Intercellular Communication in the Progression from Fibrosis to HCC by Ectosomal HK1-Induced TGF-β Secretion

Extracellular vesicles (EVs) play a crucial role in intercellular communication in the tumor microenvironment (TME). Although EVs released by hepatocellular carcinoma (HCC) cells promote the differentiation of hepatic stellate cells (HSCs) into cancer-associated fibroblasts to remodel the TME, whether HSC-derived EVs directly affect HCC progression remains elusive. Here, we demonstrated that in hepatic fibrosis, transforming growth factor-β (TGF-β) stimulates the palmitoylation and subsequent plasma membrane localization of hexokinase 1 (HK1) in HSCs, leading to ectosomal HK1 secretion. This ectosomal HK1 is hijacked by HCC cells, which not only promotes HCC proliferation by accelerating glycolysis but also enhances the N-glycosylation of pro-TGF-β to stimulate TGF-β secretion from HCC cells, thereby creating a feedforward loop to promote HCC progression. The nuclear receptor Nur77 transcriptionally activates expression of the depalmitoylase ABHD17B to attenuate ectosomal HK1 release.

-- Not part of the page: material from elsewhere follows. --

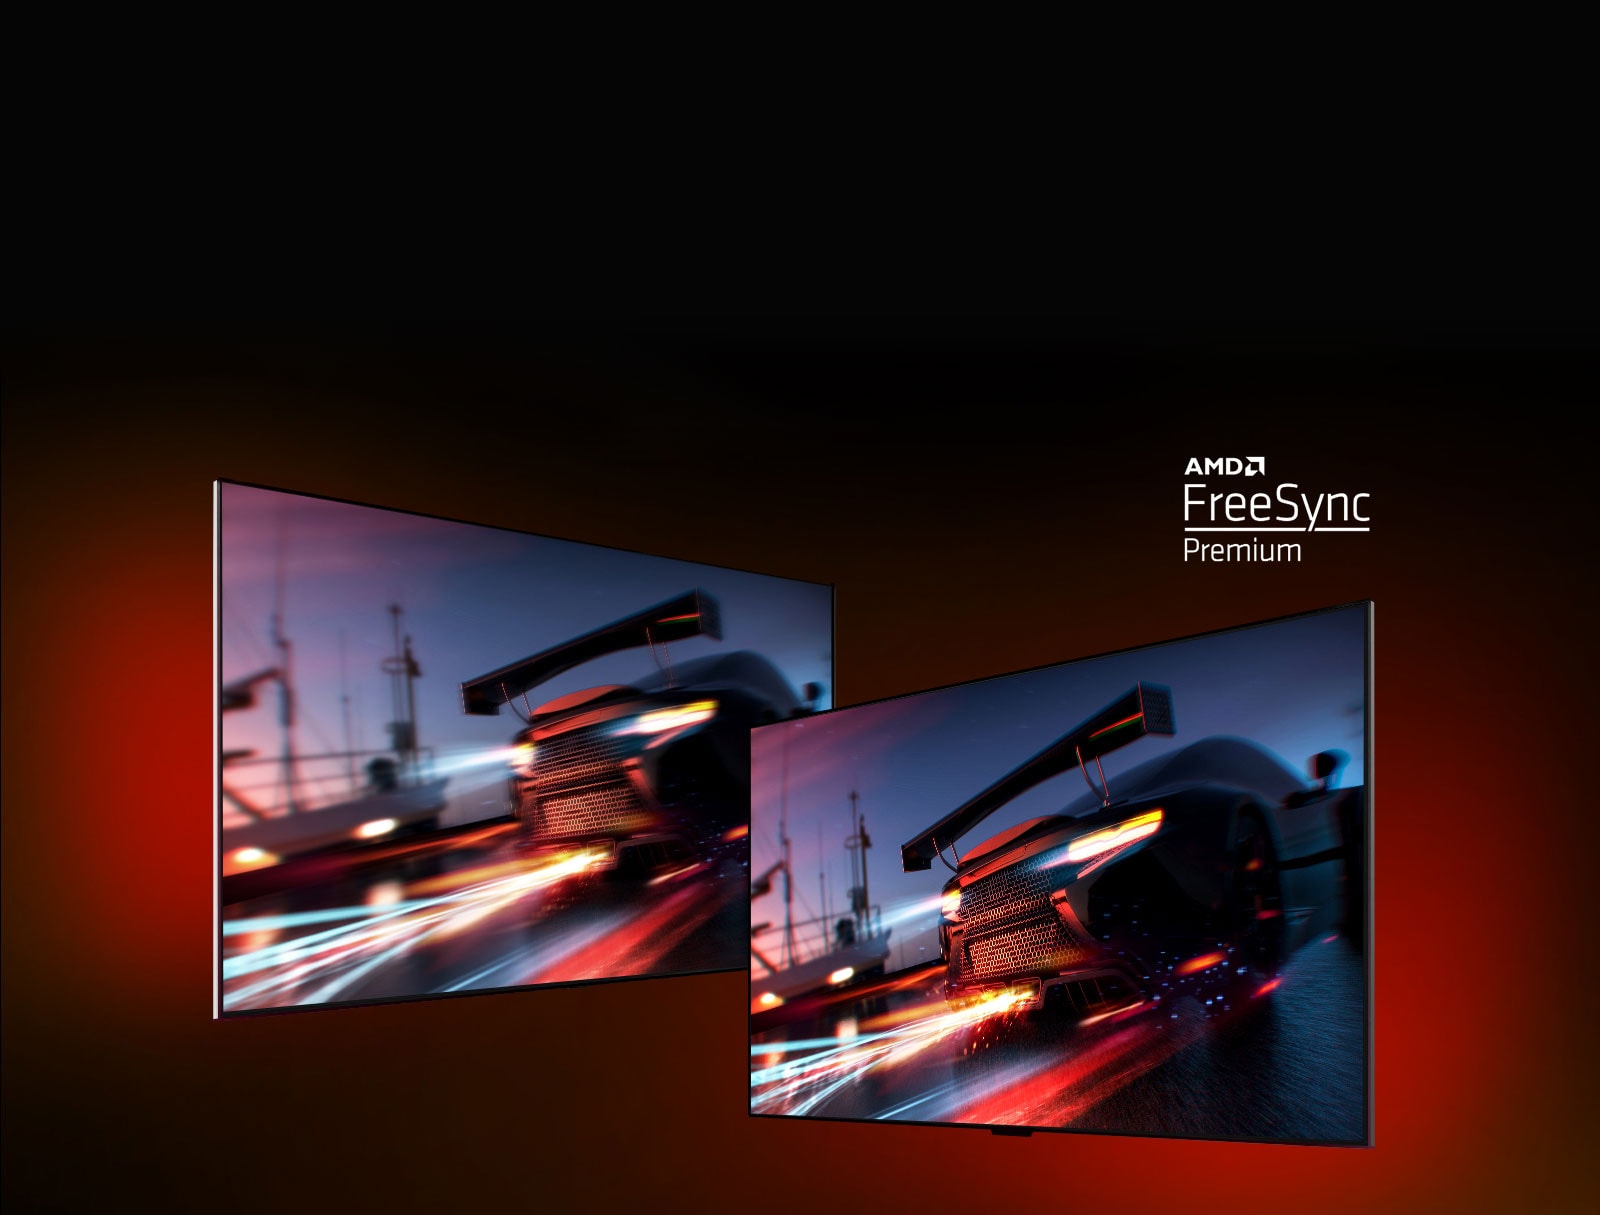 Два телевізори: на лівому показано автомобіль у перегоновій грі, на правому — те саме зображення, але яскравіше й чіткіше. У правому верхньому куті розташовано логотип AMD FreeSync Premium.

However, TGF-β-activated Akt represses the function of Nur77 by inducing Nur77 phosphorylation and degradation. We further identified a small-molecule compound, PDNPA, that binds Nur77 to disrupt Akt-mediated Nur77 degradation, thereby inhibiting HCC development. This study demonstrates an overlooked function of HK1 in promoting HCC development upon its release from HSCs and highlights PDNPA as a candidate for repressing HCC through the interception of ectosomal HK1 release.